Moving away from the criminal justice process, David Rose turned to Dinah Rose QC to discuss her experience in the civil sphere. David posed the question of whether we have seen a similar erosion of the civil law with the Government’s use of secrecy. Dinah confirmed this, noting that in a criminal trial there is the basic safeguard that an accused has a right to see all the evidence against them. However, in the post-911 era the State has largely bypassed the criminal justice system and this safeguard. Dinah pointed to two examples. Firstly, non-British nationals who the State wants to deport on national security grounds can go to a Special Immigration Appeals Commission (SIAC) in which the accused is generally not present and does not see the evidence against him or her. The second example related to British nationals and Terrorism Prevention and Investigation Measures (TPIMs) where individuals are subject to controls such as confinement, curfews, electronic tagging and restrictions on access to the internet and which are again implemented on the basis of secret information that the defendant does not see.  Dinah went on to argue that one of the fundamental problems with this approach is that the security services are not infallible and there is a real risk of a serious miscarriage of justice, citing a case example she had personally come across.

Dinah argued that the notion of secret evidence has spilled out of the specialist tribunals into the civil system. This is as a result of the Government passing the 2013 Justice and Security Act under which the Government can obtain an order in any civil case to deploy closed evidence. Dinah indicated that she was not aware of a single case in which the Courts had refused an application for secrecy.

Directing a question to the panel, David Rose asked for their views on the argument that the fact there had only been two terrorist-related deaths in Britain post-7/7 means that the system must be working. David Davis retorted with the point that with the onslaught of huge amounts of data it is unlikely that security services are any more effective, and can lead to miscarriages of justice (false positives) because, for example, of the secrecy around evidence.
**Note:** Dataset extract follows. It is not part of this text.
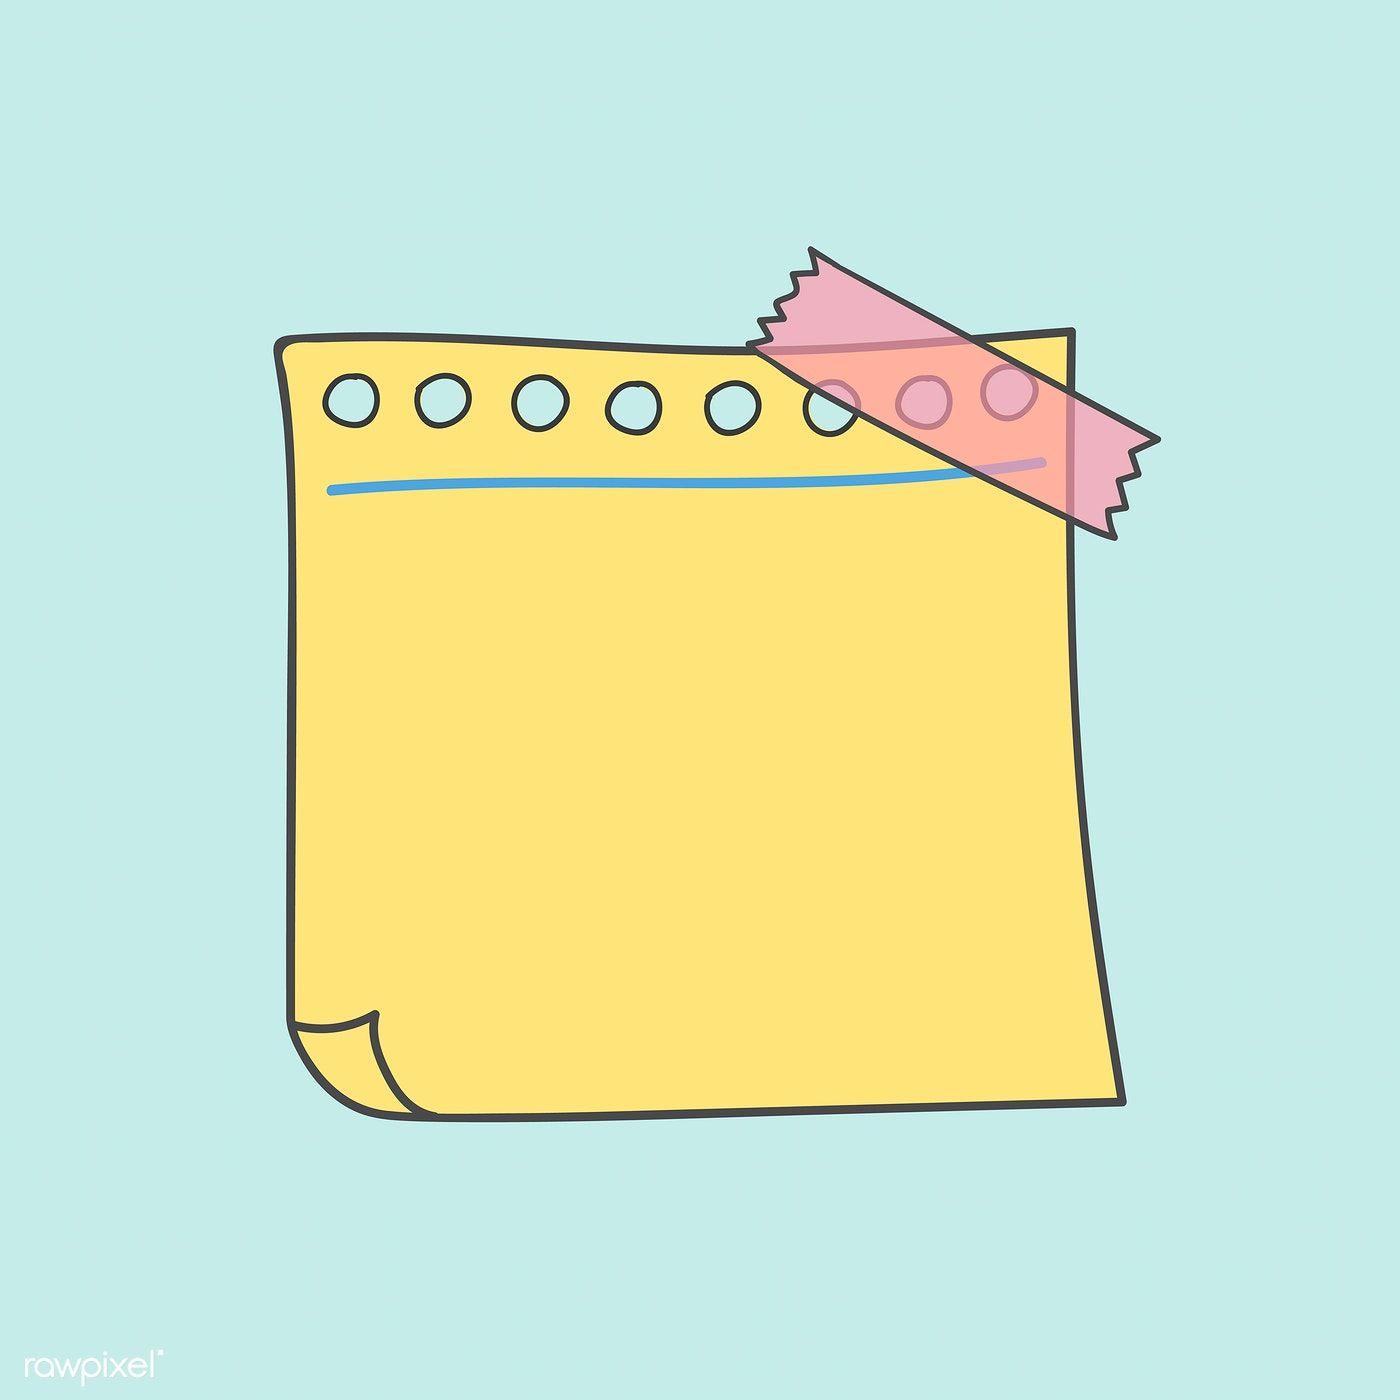 Download Premium Vector Of Blank Yellow Note Paper Vector 553845 Fondos Para Blog Titulos Bonitos Para Apuntes Fondos Para Textos
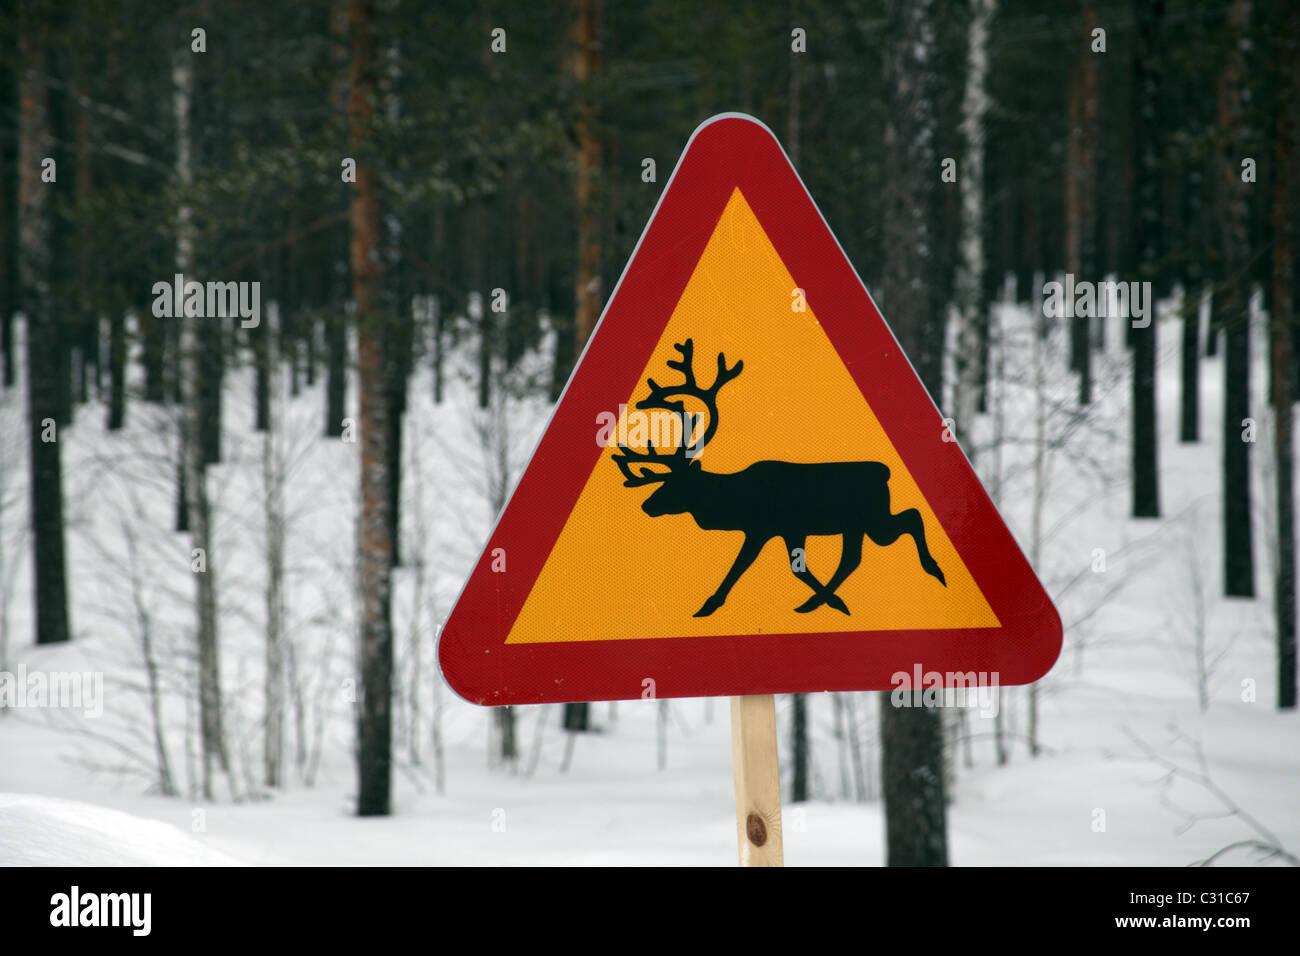 Beware of Elk sign on Swedish Road near Arvidsjaur, northern Sweden - Stock Image

Lord Blair made the point that we simply don’t know how effective the post-7/7 measures have been, but the response could be potentially more draconian if there was, for example, multiple Paris-style attacks occurring in the UK.

Further questions were raised with the panel, including whether there was a need to attenuate the expanded role of intelligence agencies as evidence gatherers and the need to hear intercept matters in court. In relation to evidence gathering, Dinah Rose noted that intelligence is not evidence and that the difference between the two is not appreciated by the security services while David Davis noted that intelligence is often simply gossip or is derived from blackmail or bribery. There was common agreement on the intercept point.

After some further discussion on the role of security services, questions were opened to the floor. Issues discussed included the role of special advocates before SIAC and the role of the European Court of Human Rights in surveillance and secrecy matters. Overall, the panel provided uncompromising insight into this topic, challenging the audience to question the assumptions and arguably misguided political arguments that underpin what some would consider draconian laws that undermine our civil society. This, of course, must be balanced against the lived reality of terrorism brought to life by the experiences of Lord Blair.